Turning Lemons

I've been thinking through ways to build bridges to people who don't know the Lord. Since I love to read I was intrigued by an invitation in the local newspaper inviting people to join the public library's book club. The advertisement listed the name of the book that was to be discussed at tomorrow night's meeting. So I went over to the library a couple of weeks ago, added my name to the list of participants and borrowed the book. I'm hurrying to get it read in time and I confess it's been heavy going. The book is called, Lemon and was written by Cordelia Strube. It is not what I would normally pick up as recreational reading.

Lemon is brilliantly written, but it is raw. Lemon, or Limone, as she is supposed to be called, is a fractured teenage girl. I won't review the book for you because I haven't finished yet. But even though it has been tough reading, I am determined to finish and I confess that now, three-quarters of the way through the book, my interest is piqued as to how Lemon is going to come through all this drama in her life.

Lemon is typical of many teens, but last night I had the opportunity to work with several teens who are atypical, and they bring light to Lemon's dark. I spent some time with teens from 12 to 16 who are preparing themselves to be baptized. June 26th is our church's annual picnic and traditionally a baptism takes place on the day the church gathers out at Big Water Lake.

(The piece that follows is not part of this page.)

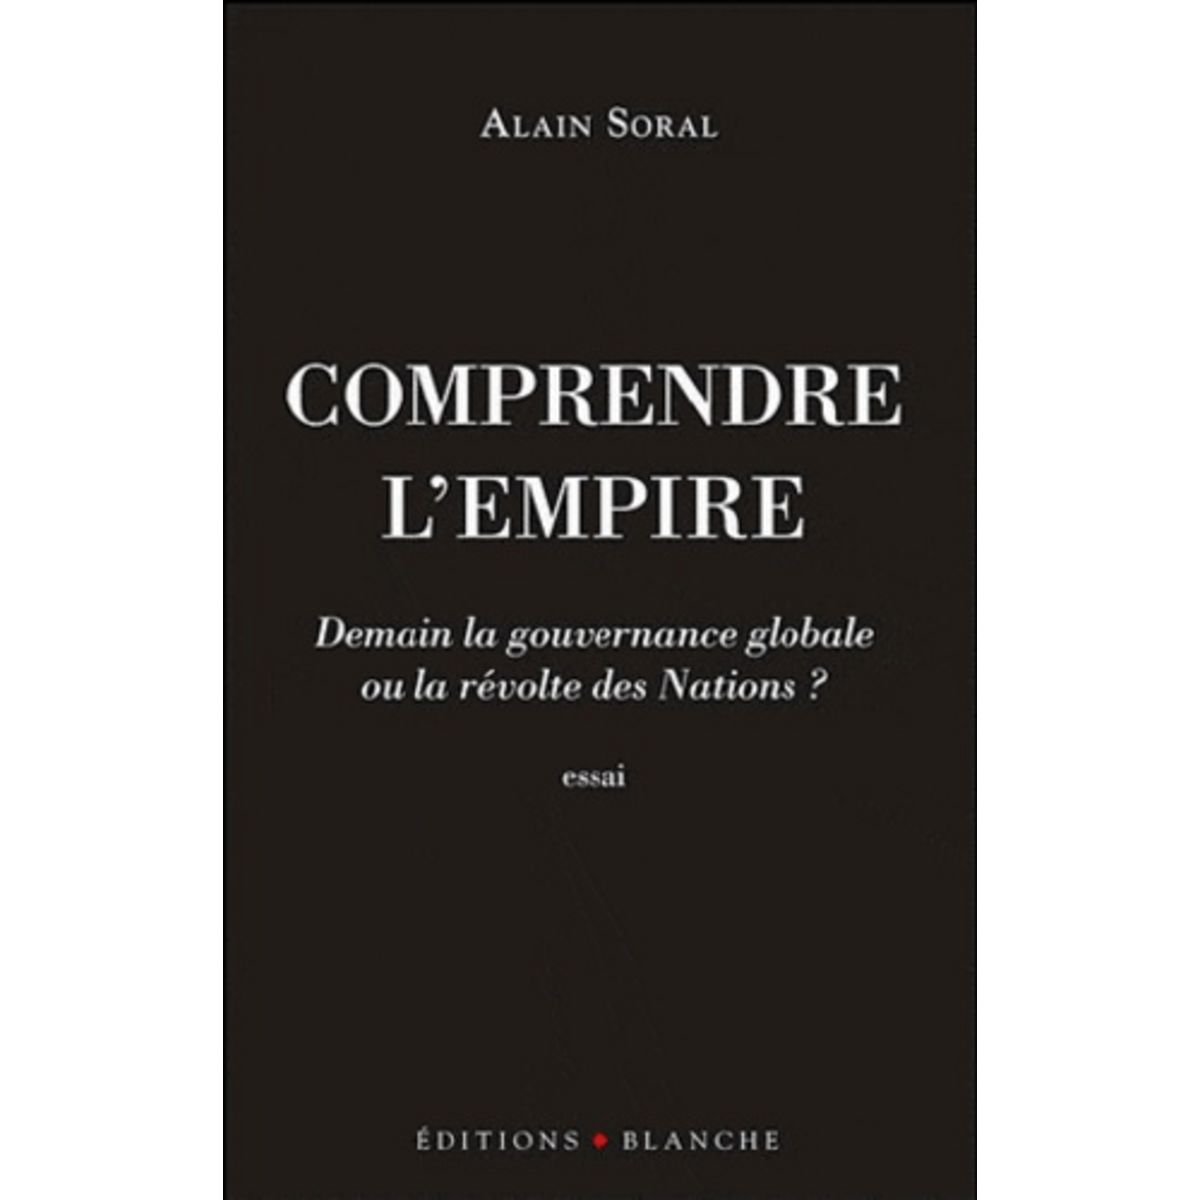  COMPRENDRE L'EMPIRE. DEMAIN LA GOUVERNANCE GLOBALE OU LA REVOLTE DES NATIONS ?, Soral Alain

As I read the kids' testimonies, heard them express their reasons for taking this step, I thought about the fictitious Lemon, and the kids whose lives she represents. The contrast is huge. After having been drowned in Lemon's story, I thank God that there are kids who have new life in Christ and resources to deal with the dirt that world will try to bury them under. I also have a new appreciation for those who work with young people on a regular basis.

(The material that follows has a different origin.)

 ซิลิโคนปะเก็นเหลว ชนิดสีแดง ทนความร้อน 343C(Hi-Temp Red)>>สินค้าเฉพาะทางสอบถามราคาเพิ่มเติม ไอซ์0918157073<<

There is a niggling concern as well. The kids in the light need to be exposed to the kids in the dark so that there will be fewer "Lemons" in the world. I appreciate the desire of Christian parents to protect their kids from the dark side, but unless Christian kids shine their light among their peers with whom they relate better than any adult, how will those who are lost in the dark ever find their way out of the blackness? We, the church, need to prepare these kids for mission because there is no higher calling than seeking out the Lemons and helping them become sweet in Jesus Christ.

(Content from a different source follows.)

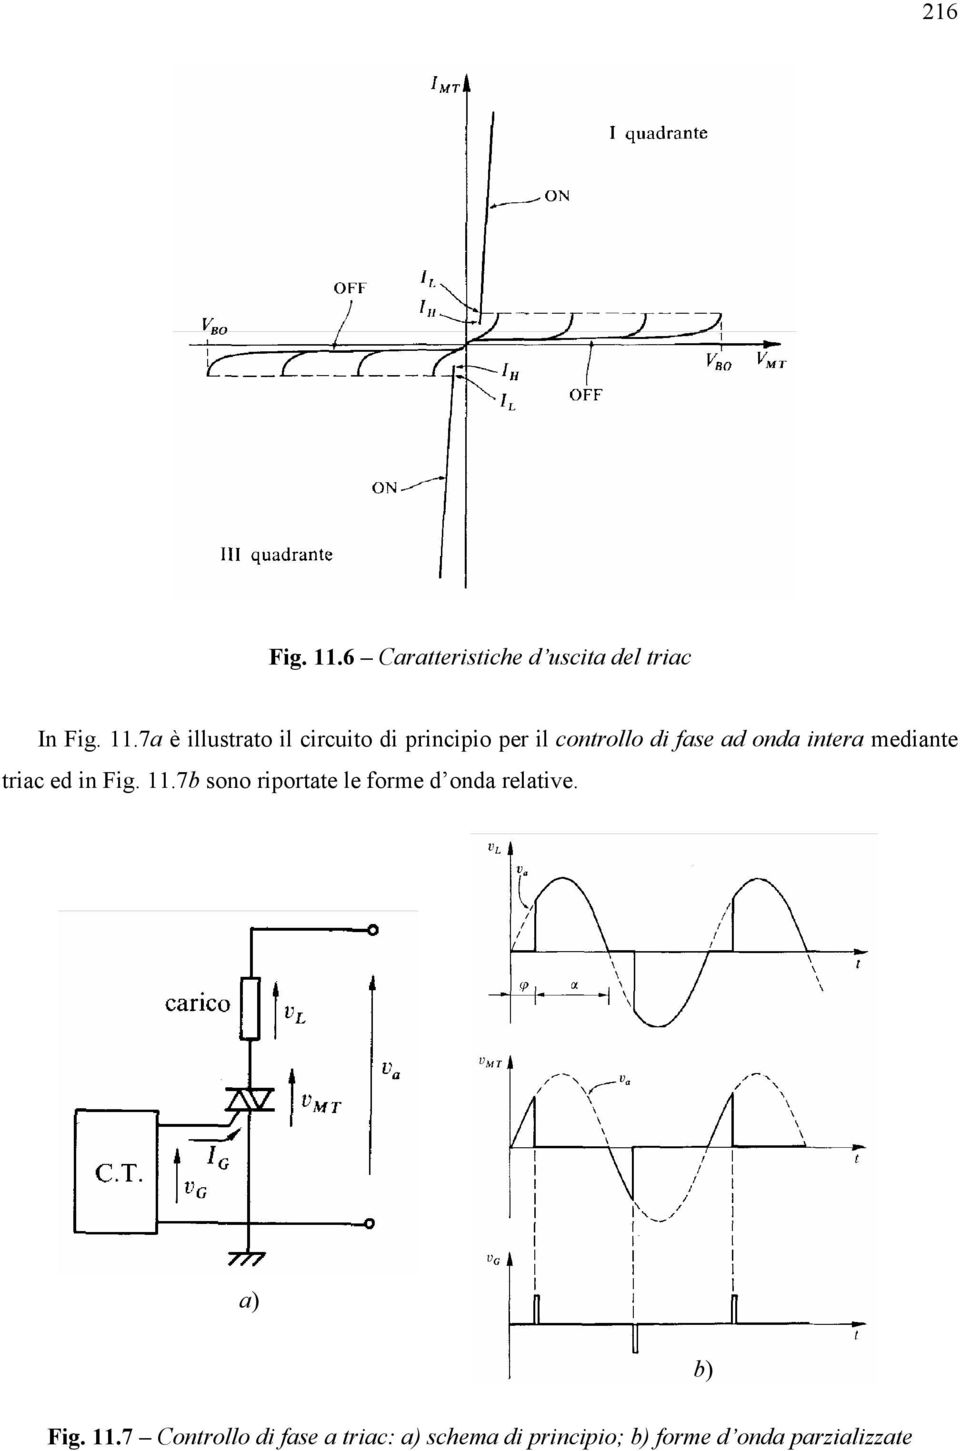 7a è illustrato il circuito di principio per il controllo di fase ad onda

  1. What a great message, Lynda! So glad you're reaching out to the people of the book club, AND these kids ready to be baptized. A great message (hope you WILL review the book!).

  2. Great thoughts Lynda. As a parent, trying to encourage our kids to reflect the light of Christ to those around them without being judgmental is not easy! I often wonder in these situations if the church should not be doing more to encourage the people being baptized to invite the "Limones" in their lives to the event and have some kind of meal afterwards for them. It is a common practice in other denominations that practice infant baptisms, why don't we?